COP samples were thought to be molecularly similar to the cell type of origin15. However, we could dissect the 64 COP samples into two major subgroups. Namely, samples that do cluster with another tissue-of-origin (COP-I), and samples located outside the annotated tissue-of-origin but without genomic similarities to any of the known cancer-type tissue labels (COP-II). The type-II COPs (n = 14) cluster at the edge of the squamous-like-type of cancers (Fig. 2a, Cluster 2), and were detected by running MEREDITH on the 64 COPs in isolation of the other samples (Supplementary Fig. S8a). In addition, the type-II COPs showed higher correlations among each other when analyzing the molecular data-types separately (Supplementary Fig. S8b). Strikingly, these COPs showed strongly reduced survival compared to the type-I COPs (log-rank P = 2.15 × 10−11, Fig. 6a), which remained significant after correction for potential confounders as listed in Fig. 6b (Pcox = 6.08 × 10−10, HR = 12.1, 95% CI 5.49–26.66).
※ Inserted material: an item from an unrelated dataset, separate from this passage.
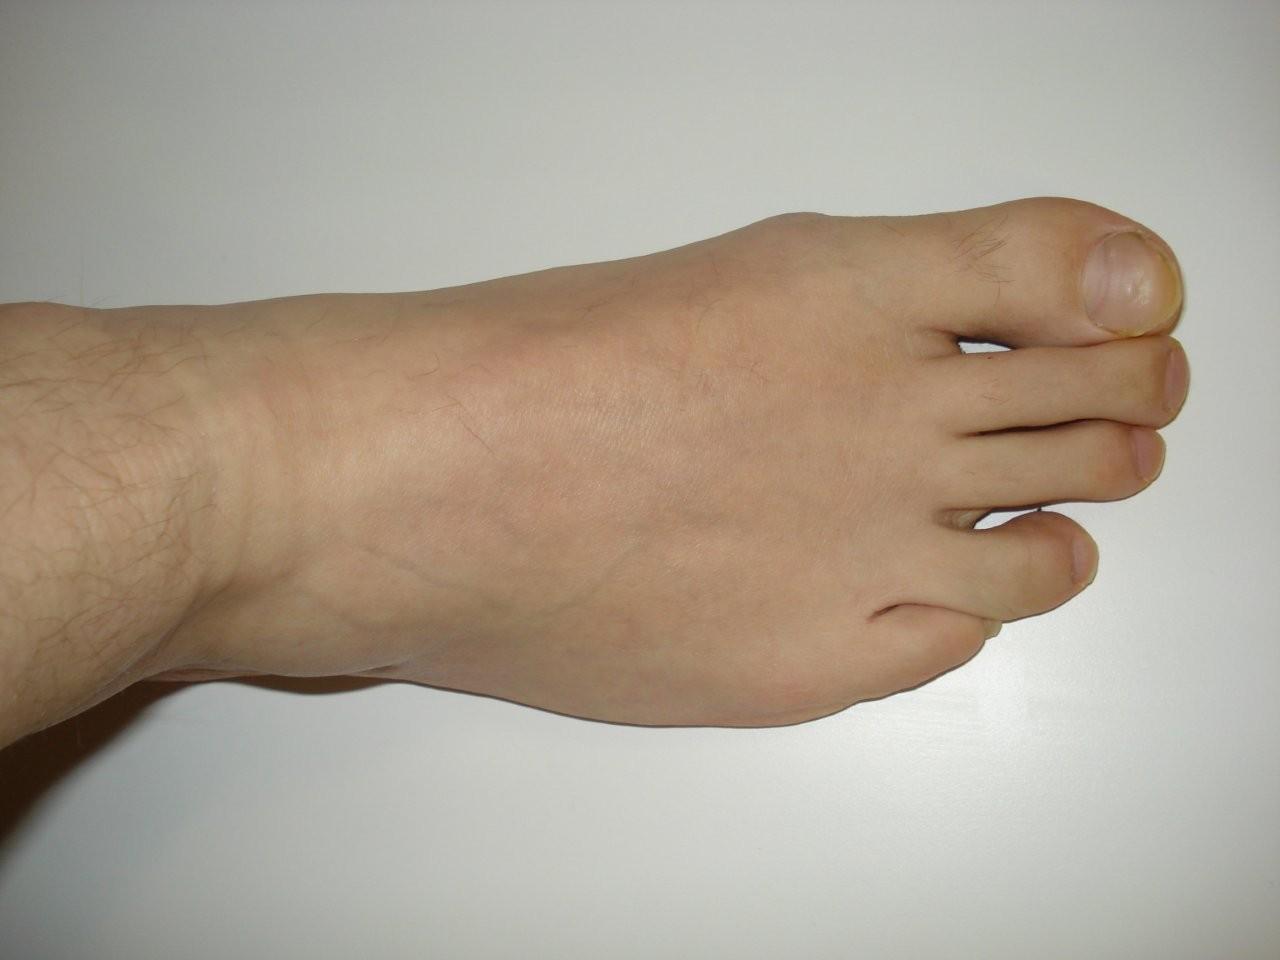 File:Right foot.jpg - Wikimedia Commons

In contrast, the OS of the type-I COPs (n = 50) showed no significant differences compared to all other samples with matched tissue-of-origin (P = 0.16, and Pcox = 0.45, Fig. 6b).

Figure 6: Analysis of the COP cluster with similar profiles.
figure 6

(a) Kaplan-Meier survival plot depicted the overall survival (OS) for the COP-I, COP-II and all other remaining samples. The P-value describes the comparison between COP-II samples versus all other samples using the log-rank statistics. (b) Cox proportional hazard ratio regression model to determine associations with OS for COP-I and COP-II samples groups after correcting for covariates. The covariates are chosen based on the cancer-tissues that were seen among the COP samples. (c) Significantly enriched pathways for the COP-II sample group. (d) Co-expression network based on gene expression profiles for the COP-II sample group. Node size depicts the −log10(P-value) for differential expression between COP-II sample group and all other remaining samples. Node color depicts either significant upregulation (red), downregulation (blue), DNA-methylation (green), or copy-number changes (purple). Edges with positive correlation are depicted in red, whereas negative correlations are depicted in blue. Co-expression network is clustered in four distinct groups and significantly enriched pathways for each cluster are depicted.

We next analysed whether the 14 type-II COP samples have a specific pathway abnormality or co-expression network by comparing the gene expression profiles to all other samples. We first zero-mean normalized gene expression values per cancer to avoid detecting cancer-specific related gene expression profiles. When comparing the type-II COPs to all other samples, we detected 3,474 significantly differential expressed genes using Limma45 and multiple testing correction using Holm46 (P< 0.05). Pathway analysis on these genes showed association with well-known cancer biomarkers (Fig. 6c), such as a suppressor of retinoblastoma RB-P107 (P = 9.88 × 10−9), but also P53 (P = 5.98 × 10−7), LEF1 (P = 5.41 × 10−6), MEK (P = 2.63 × 10−6), E2F1 (P = 3.54 × 10−5), KRAS (P = 5.8 × 10−4) (detailed information can be found in Supplementary Table S6 and Methods section). We created a co-expression network by computing the pairwise Pearson correlations for the differentially expressed genes (only retaining genes with at least two correlating partners for which the correlation is higher than 0.6). This resulted in four distinct gene clusters (Fig. 6d), all significantly associated with known mechanisms to be disturbed in cancer cells, including: cell cycle pathway, RB-P107, immune system, and mRNA splicing pathways as shown in Clusters 1 to 4, respectively.

Discussion

We introduce a multi-omic integration approach, MEREDITH, which we applied to integrate four different types of molecular data: mRNA expression, DNA-methylation, microRNA, and copy-number changes. We analyzed 4,434 patients across 19 primary cancer-types and showed a strong similarity between samples with the same tissue-of-origin. Instead of analyzing the molecular data-types separately, as is the case with current state-of-the-art methods such as COCA20, MEREDITH creates a 2D MO-map of the samples based on all data-types, taking joint behavior into account. The 2D MO-map represents accurately the sample distributions in the high-dimensional measurement space, can easily be visually explored, and identifies robustly substructures in the data. For example, it has been demonstrated that hundreds of squamous-like-tissue samples cluster together20, but with MEREDITH we clearly demonstrate the substructure among these samples. Furthermore, we demonstrate novel grouping of samples in AML, breast cancer and COPs that has not been shown before.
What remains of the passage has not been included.